The argument between Dennis and Eckhardt was not really about whether trading could be taught. It was about the nature of human performance in uncertain competitive environments. Eckhardt’s position is the intuitive one: exceptional performance requires exceptional natural aptitude. The golfer who wins majors has gifts the club golfer does not. The chess grandmaster processes patterns automatically that novices must calculate consciously. The exceptional trader reads market conditions in ways that ordinary people cannot. These gifts cannot be transferred through instruction.

Dennis’s position is the counterintuitive and ultimately correct one: the exceptional performance in systematic trading comes from the rules and the discipline to follow them, not from innate pattern recognition or intuitive market feel. The rules can be written down. The rules can be taught. The discipline to follow them can be developed. The result of having the right rules and following them consistently does not require the kind of natural aptitude that exceptional athletes or chess grandmasters require.

The experiment settled the debate empirically. Twenty-three people were recruited through a classified advertisement, trained for two weeks, given funded accounts, and sent to trade. Over the course of the experiment, the group generated over $100 million in profits. Dennis was right. Eckhardt was wrong. Trading success could be taught — at least the systematic rules-based variety that Dennis practiced.

The Mark Twain comparison in the Schwager passage is apt. The 1,000,000 Bank-Note involves an ordinary person who is handed a resource they did not earn and must figure out how to use it. The Turtle experiment is similar: ordinary people were handed a trading system they did not develop and were measured on their ability to use it. Some used it well. Some did not. The divergence in outcomes among people who were given identical rules and identical capital is the finding that makes the experiment more instructive than its original result. The rules were teachable. The discipline to follow them through adverse conditions was not equally distributed.
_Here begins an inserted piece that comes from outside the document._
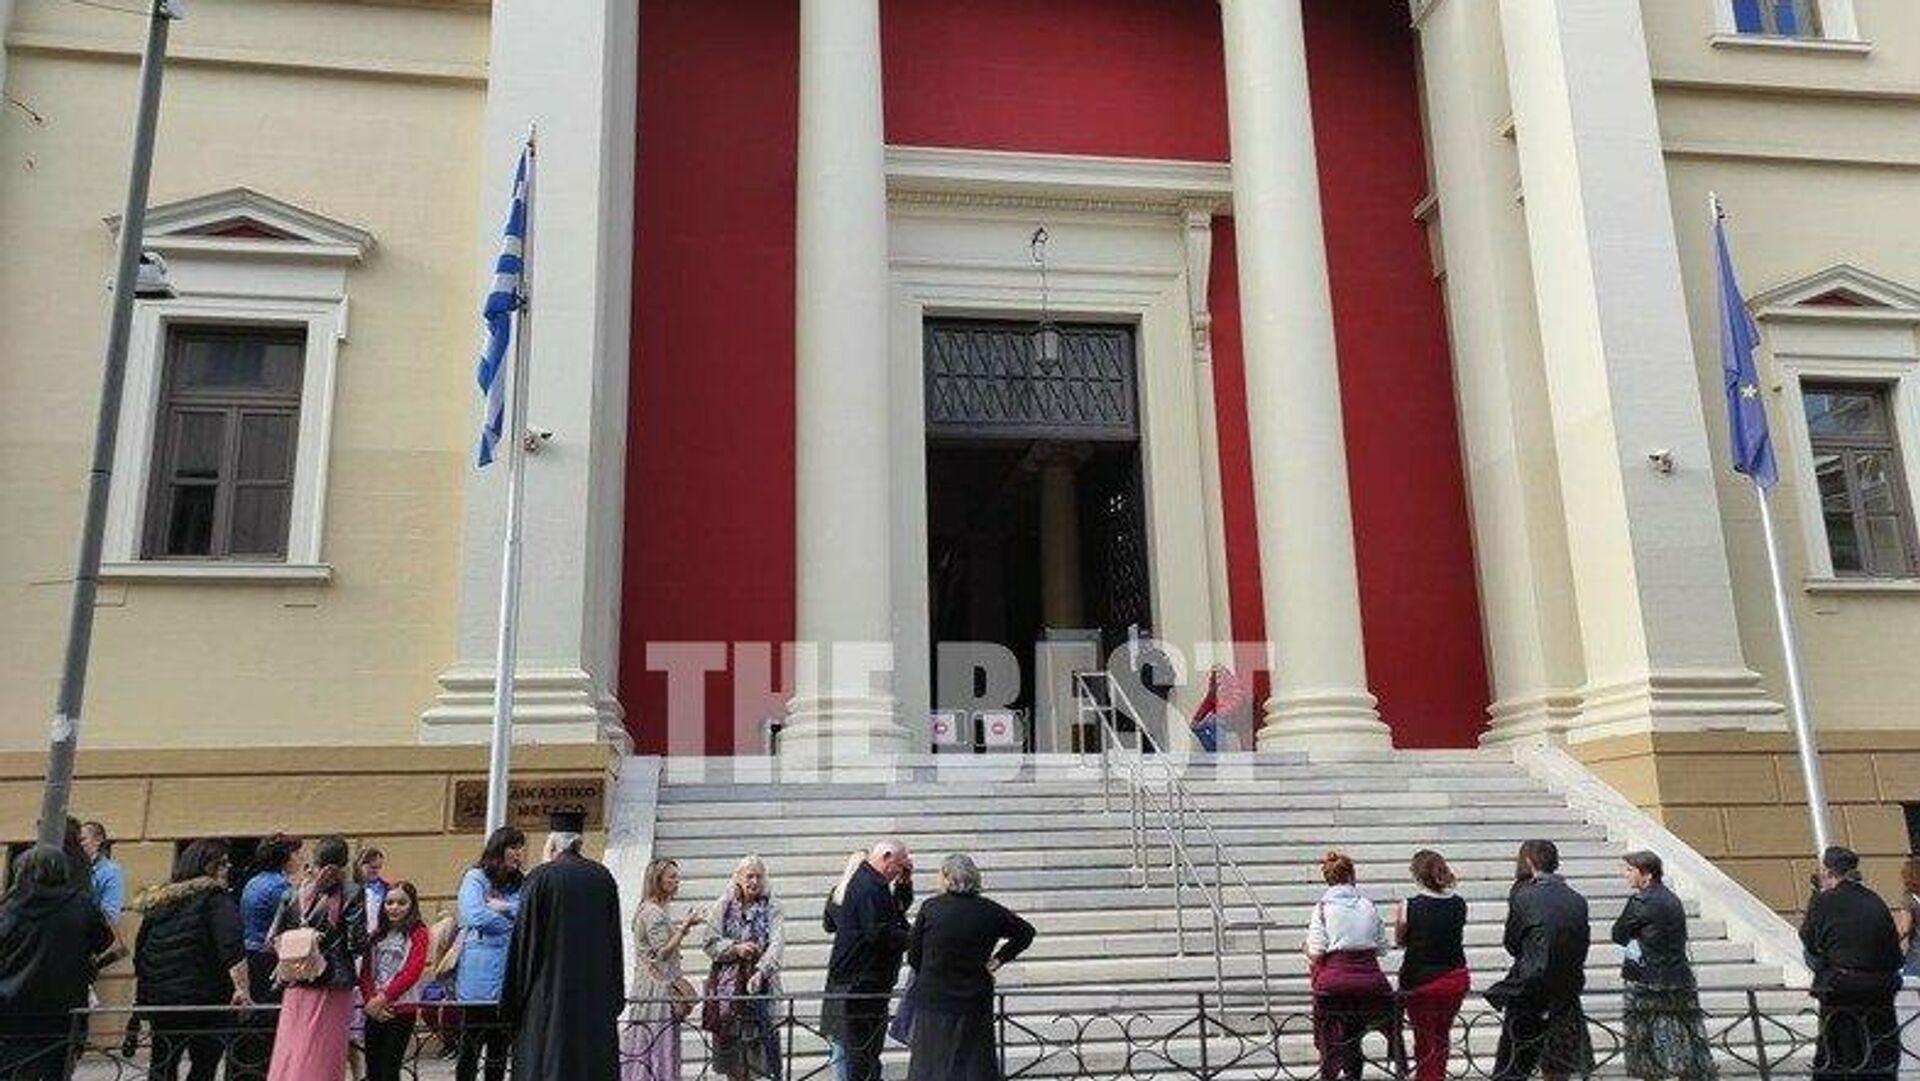 Πάτρα: Σε δίκη ιερέας γιατί λειτούργησε εκκλησία εν μέσω καραντίνας - Sputnik Ελλάδα, 1920, 11.10.2021

William Eckhardt’s own trading operation, which he founded after the experiment, has produced exceptional returns for decades using systematic approaches. His skepticism about the teachability of trading did not prevent him from building a systematic approach himself. The debate was not really about whether rules could produce returns. Both men agreed that they could. The debate was about whether the element that produced Dennis’s exceptional returns was the rules or something else Dennis possessed that could not be transferred. The experiment’s results supported Dennis’s thesis that it was the rules.

Frequently Asked Questions

What was the Dennis-Eckhardt bet about?

Whether trading success could be taught. Dennis believed that anyone could be trained to trade successfully using the right systematic rules. Eckhardt believed that Dennis’s trading success reflected a special talent that could not be replicated through instruction. They resolved the debate by recruiting 23 people, training them for two weeks in Dennis’s systematic approach, funding their accounts with Dennis’s own capital, and measuring the results. The group generated over $100 million in profits, supporting Dennis’s thesis.

Who won the Dennis-Eckhardt bet?

Dennis. The Turtle traders he trained produced exceptional returns over the course of the experiment and, in many cases, for decades afterward as independent managers. Jerry Parker, Paul Rabar, and others went on to manage billions of dollars using approaches derived from what Dennis taught. The experiment is the strongest available evidence that systematic trading excellence is teachable rather than innate.

Why did some Turtles succeed and others fail despite having the same rules?

Because the rules are necessary but not sufficient. The discipline to follow the rules through extended losing streaks, drawdowns, and periods when the system seems broken is the variable that Eckhardt’s skepticism pointed at — correctly, if incompletely. The rules were teachable. The psychological resilience to continue following them without deviation through adverse conditions was not equally distributed among the Turtles. Some had it. Some developed it. Some could not sustain it under the real-world pressure of managing large sums in volatile markets.